Soaring ambitions
Chico Museum curator Paul Russell talks about the current Grayson exhibit
Louisiana native Andrew Jackson Grayson was denied a career in art by his strict school teachers and even stricter father. After all, it was the early 19th century in America, and art was considered, at best, a luxury; at worst, a dilettante’s trifling, the dubious efforts of one with too much time on one’s hands. And so, as many have, he settled into a rather unremarkable life, opening a general store with a modest inheritance from his father’s estate, marrying and becoming a father himself.
But seemingly whatever the perception that long ago inclined him toward art, whatever the spark that inspires a unique view of the world, it still flickered within Grayson. And reignited. For in 1846 he and his young family pulled up stakes and joined the ranks of a wagon train on the Overland Trail bound for California. Along the way, Grayson began keeping notes on the various bird species he observed. And making sketches.
After a few years in San Francisco, Grayson happened onto John J. Audubon’s classic illustrated tome, Birds of America. While impressed with Audubon’s watercolors of Eastern species, Grayson couldn’t help but realize the book did not contain any Western American birds. It was then that he realized his true calling.
Butte County native and the Chico Museum’s current curator Paul Russell didn’t have to undergo quite as much as Grayson did to realize his artistic ambitions. He says he always knew he wanted to work in a museum. Having attended school in the Oroville area, after graduating Russell enrolled at Chico State University.

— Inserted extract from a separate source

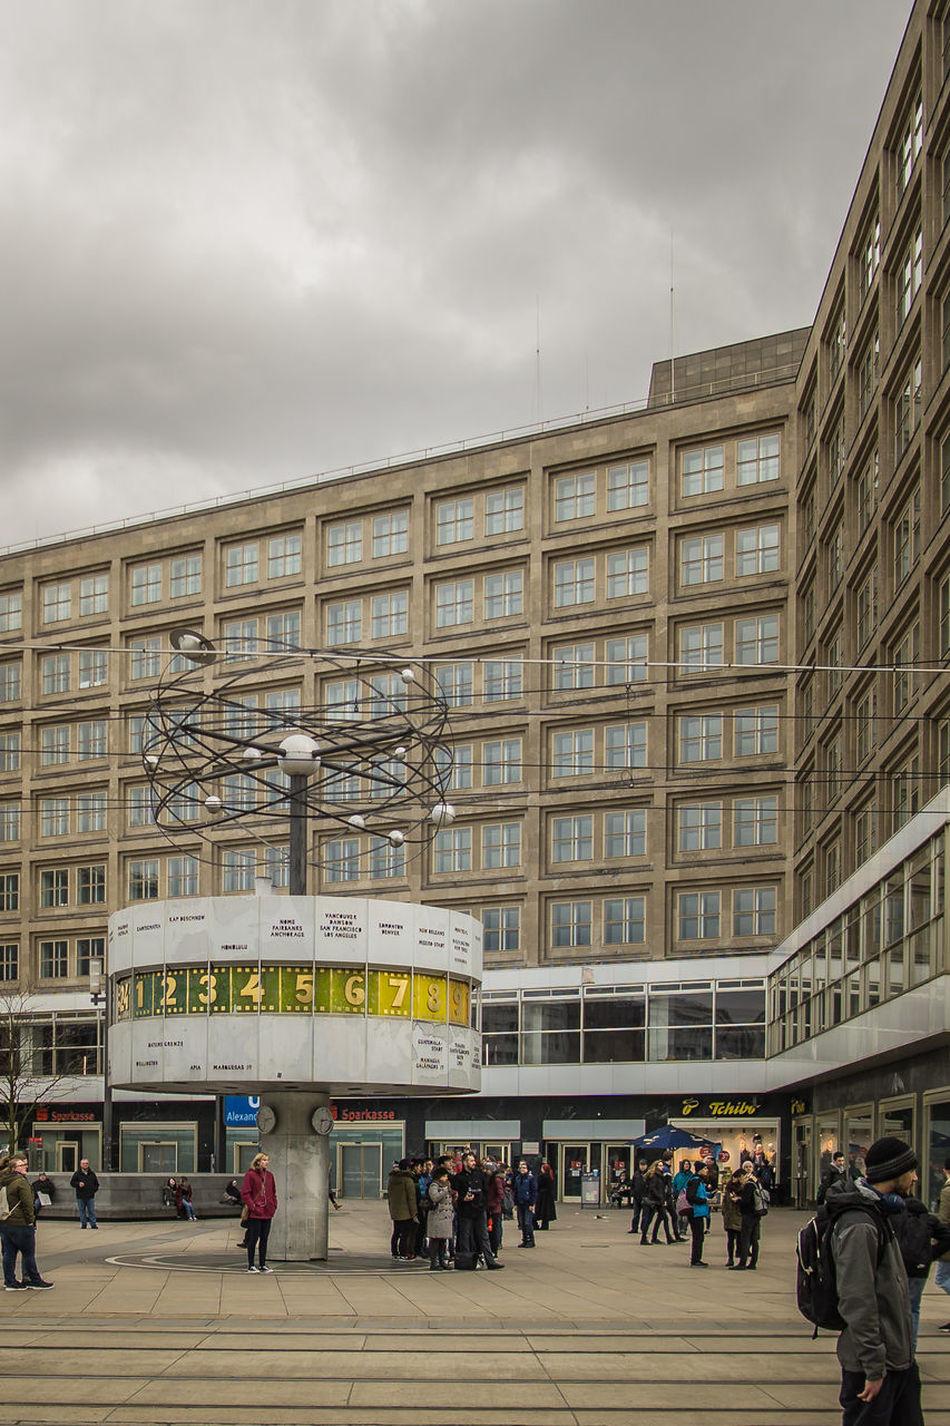 Weltzeituhr Alexanderplatz Berlin Heikobo City Berlin Alexanderplatz Weltzeituhr Berlin Photography Berliner Ansichten Berlin Mitte

"[The university] didn’t really have any degrees in museum curating,” Russell points out. Bespectacled, bearded, wearing his hair in a ponytail, the 30-something curator explains how he ended up at Chico Museum. Unable to study what he wished, Russell bided his time earning a bachelor’s degree in art, in lithography—printmaking with sections of stone. However, when he eventually enrolled to work on a master’s degree, it was as an anthropology student. Russell discovered that there were anthropology classes offered at Chico State that taught such things as museum display.

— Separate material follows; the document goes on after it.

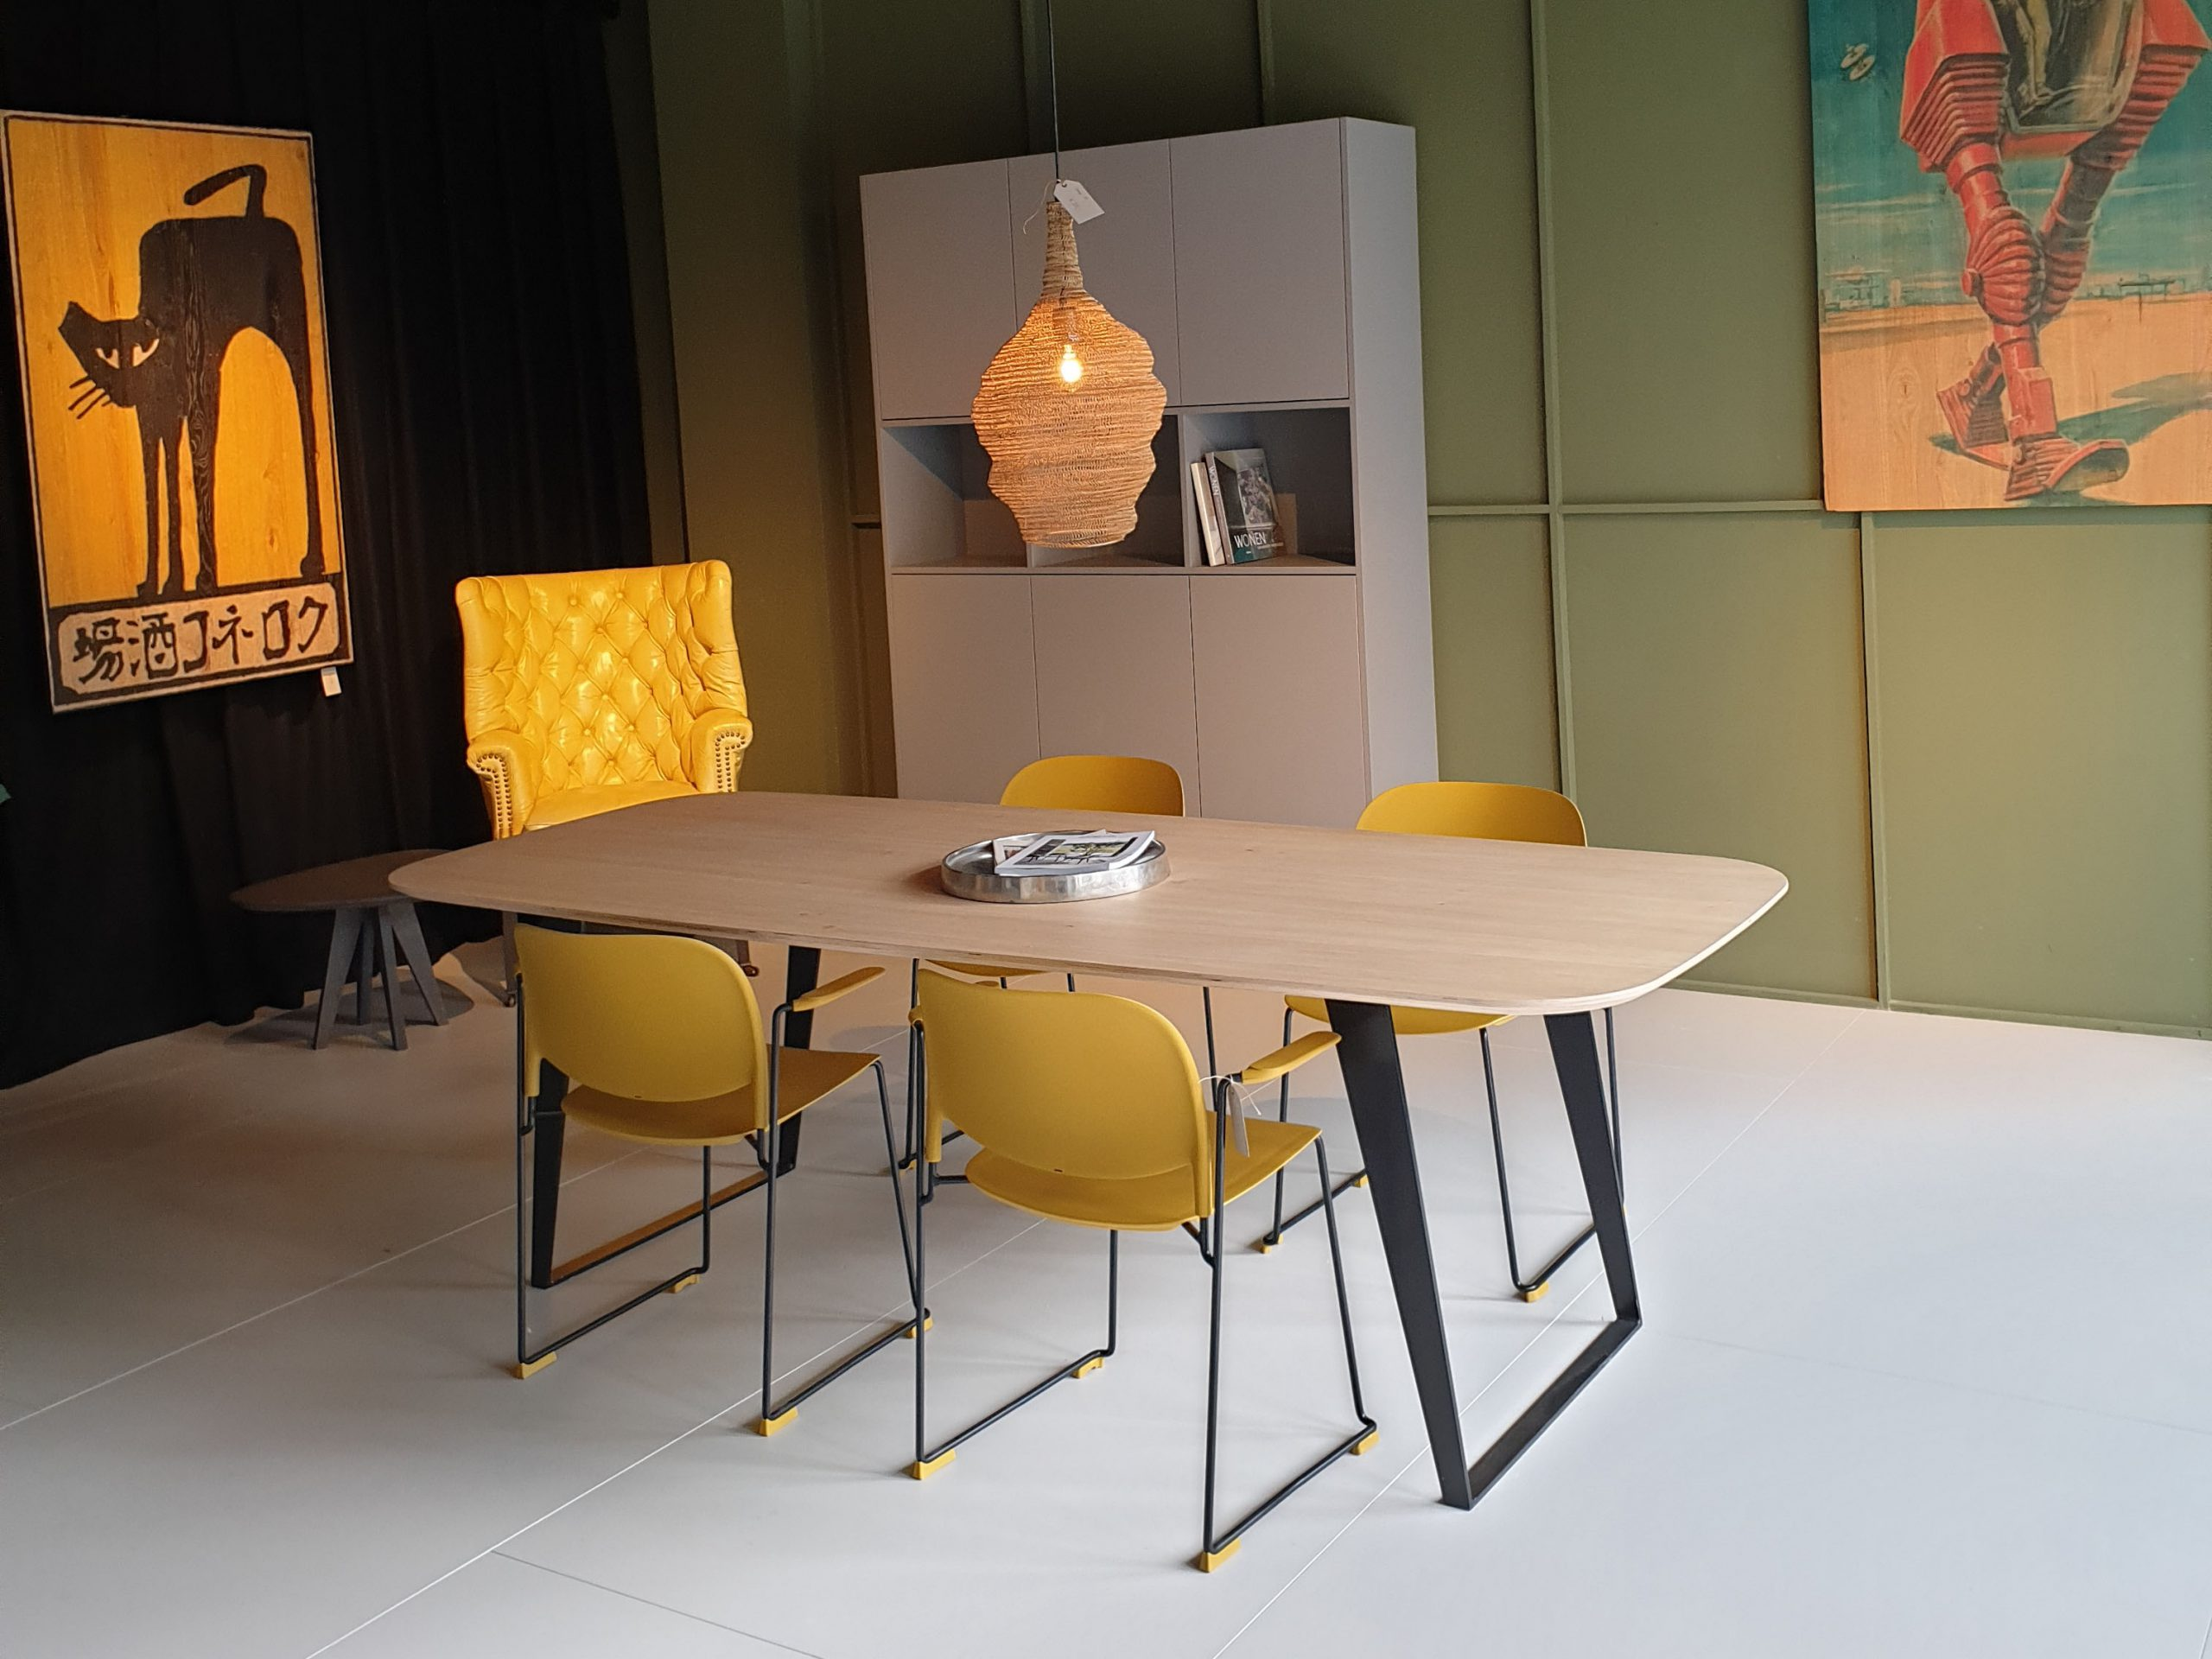 Showroom Gladiolenpad 1 in Uitgeest

“I actually became the curator for the Museum of Anthropology,” Russell says. “From ‘92 to ‘96, something like that.” When he learned that the curator position was opening at the Chico Museum, Russell applied. And was surprised when he got the job—he hadn’t exactly completed his master’s degree!
Such traveling exhibits as the Grayson show are discovered by Russell through the museum’s membership with the California Exhibition Resource Alliance (CERA). From time to time, the statewide organization sends out information regarding these touring shows to the 10 to 15 small museums that make up its membership. What attracted Russell to this particular show was the fact that it possessed an outdoor theme compatible with this area, featured many birds known to the region, and presented the opportunity to exhibit some of the late Janet Turner’s fine bird portraits, as well as prints by Paul Feldhaus and other locally created bird-related artwork, in addition to displaying Grayson’s own work.
“This is basically a smaller version of a larger show of Grayson’s work from the Napa Valley Museum,” Russell explains. “We looked at it and said, ‘Yeah!'” For the Chico show, Russell obtained an interactive CD-ROM courtesy of the National Audubon Society featuring bird photographs and samples of their respective calls that viewers can summon up with a mere touch of their fingertips.
The Chico Museum exhibition of Audubon of the West: Andrew Jackson Grayson will remain on display through Friday, Feb. 7, before moving on to the city of Ontario, in Southern California.